Super Nightvision Headset Hack!




About: Tinkerer, hackster and prankster. Hit me up on Facebook: Thanks for checking out my Instructables!
We have all seen the webcam nightvision hacks and other ways to make nightvision cameras but this will blow you away! This a Super Bright Nightvision Headset that lets you walk around in total darkness AND record what you see! My inspiration for this project came from Brad Graham & Kathy McGowan Watch the video and see the Test Results and then build your own! I hope you enjoy this Instructable as much as I enjoyed making it!

Get the Infrared LED's for this Project HERE


Step 1: What You Need...

Dig through your closet or ask a friend if they still have a classic full-size VHS camcorder hanging around collecting dust. Or go to garage sale or pawn shop and find one for cheap. All we need is the analog viewfinder

Step 2: You Will Also Need...

1. Twelve 10mm, 200mw triple Infrared LED's. These babies are mean! They each have 3 LED's in them and are very powerful! You can get the LED's HERE
2. A project box/enclosure from Radio Shack or any other larger size project box. This one is 5" X 2 1/2" X 2".
3. A red or any other color LED to be used for a power indicator
4. A shielded, panel mount Phono Jack
5. A SPST switch
6. (2) 10ohm resistors
7. A Super Low Lux Mini B&W spy camera that can be powered by 9 volts
8. 9 Volt batteries

Step 3: Disassemble the Viewfinder

Remove the viewfinder from the camcorder. Depending on the camcorder, this may be as easy as unplugging the connector to the camera and removing the viewfinder screws to release the entire unit. Some may be hard-wired inside the camcorder which will require more work. Once removed, take off the plastic housing to reveal the viewfinder components. Identify the ground wire.
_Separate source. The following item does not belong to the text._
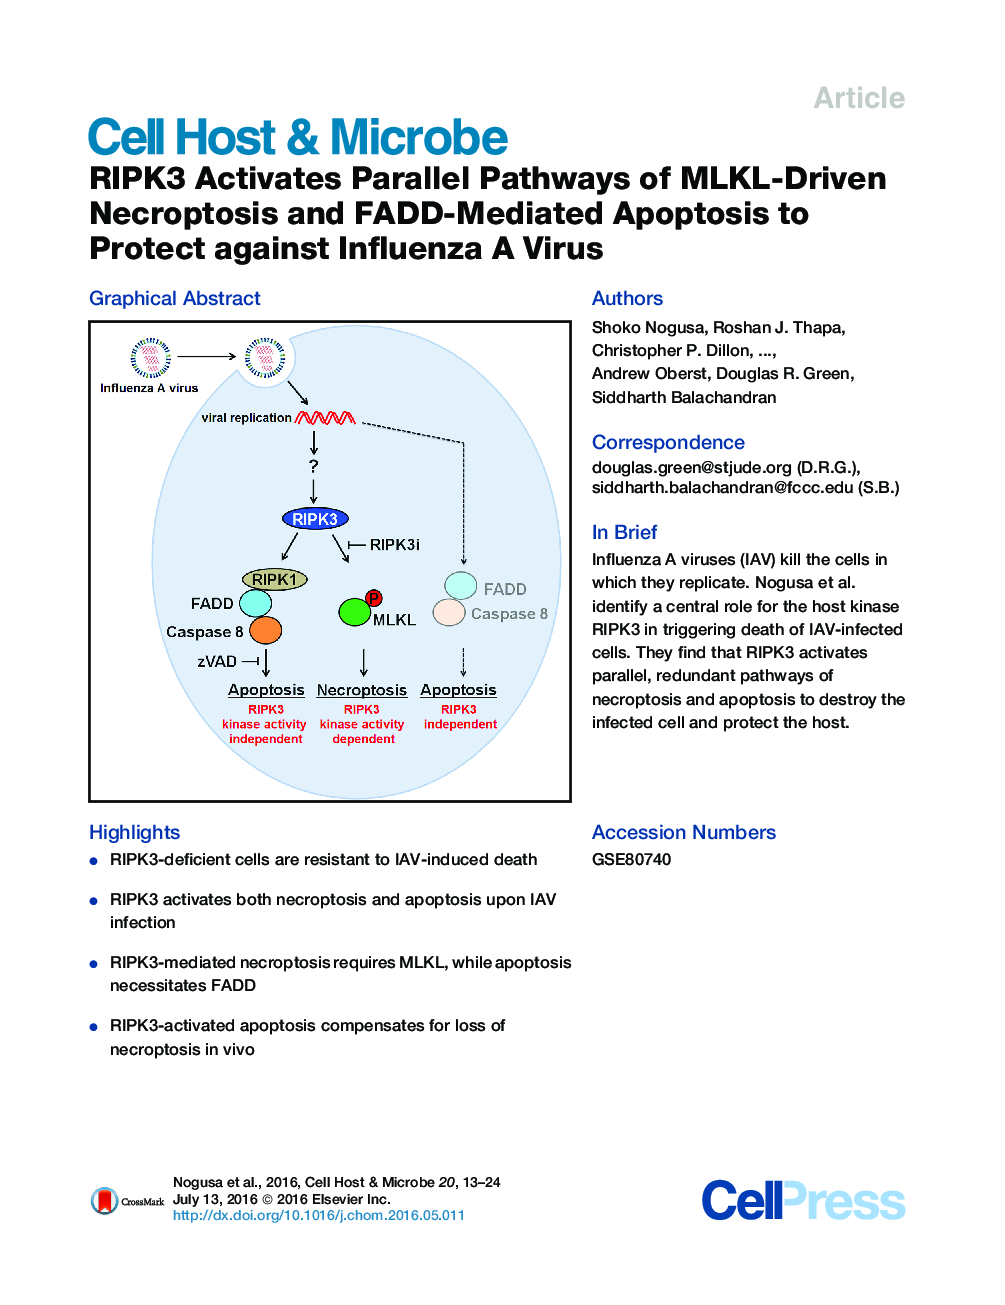 RIPK3 Activates Parallel Pathways of MLKL-Driven Necroptosis and FADD-Mediated Apoptosis to Protect against Influenza A Virus

To identify the power wire, you will have to do some tracing back to a power regulator or diode. You can use an adjustable power supply (recommended) or 9 volt battery to test the viewfinder power line. After identifying the ground and power, the video libe can be located byfeeding a video signal into the other wires.

Step 4: Build the LED Array...

I used 12 LED's. 6 LED's wired in series to another series of 6 in parallel. Attach the 10ohm resistors to the positive end of the array.

Step 5: Prep the Housing...

Now it is time to drill all of the holes in the project box. I drilled 12 holes for the LED array. A large hole (using a hole saw) for the viewfinder, 3 holes for the switch, power indicator LED and phono jack.

Step 6: Install All of the Components...

Time to install all of the components and wire according to the schematic. Be sure to test each compnent along the way. Basically all grounds go to and out of the switch. The LED array, micro camera and power LED are powered by one 9 volt battery and the viewfinder is powered by another.

Step 7: Close It All Up and Test It Out!

You will be amazed at the brightness of these LED's in perfectly dark environment. With the right low-lux camera you can see in complete darkness since the infrared LED's generate light at a frequency that the camera can see. And, you can record what you see by taking the video out to a camcorder! Stealth at it's finest!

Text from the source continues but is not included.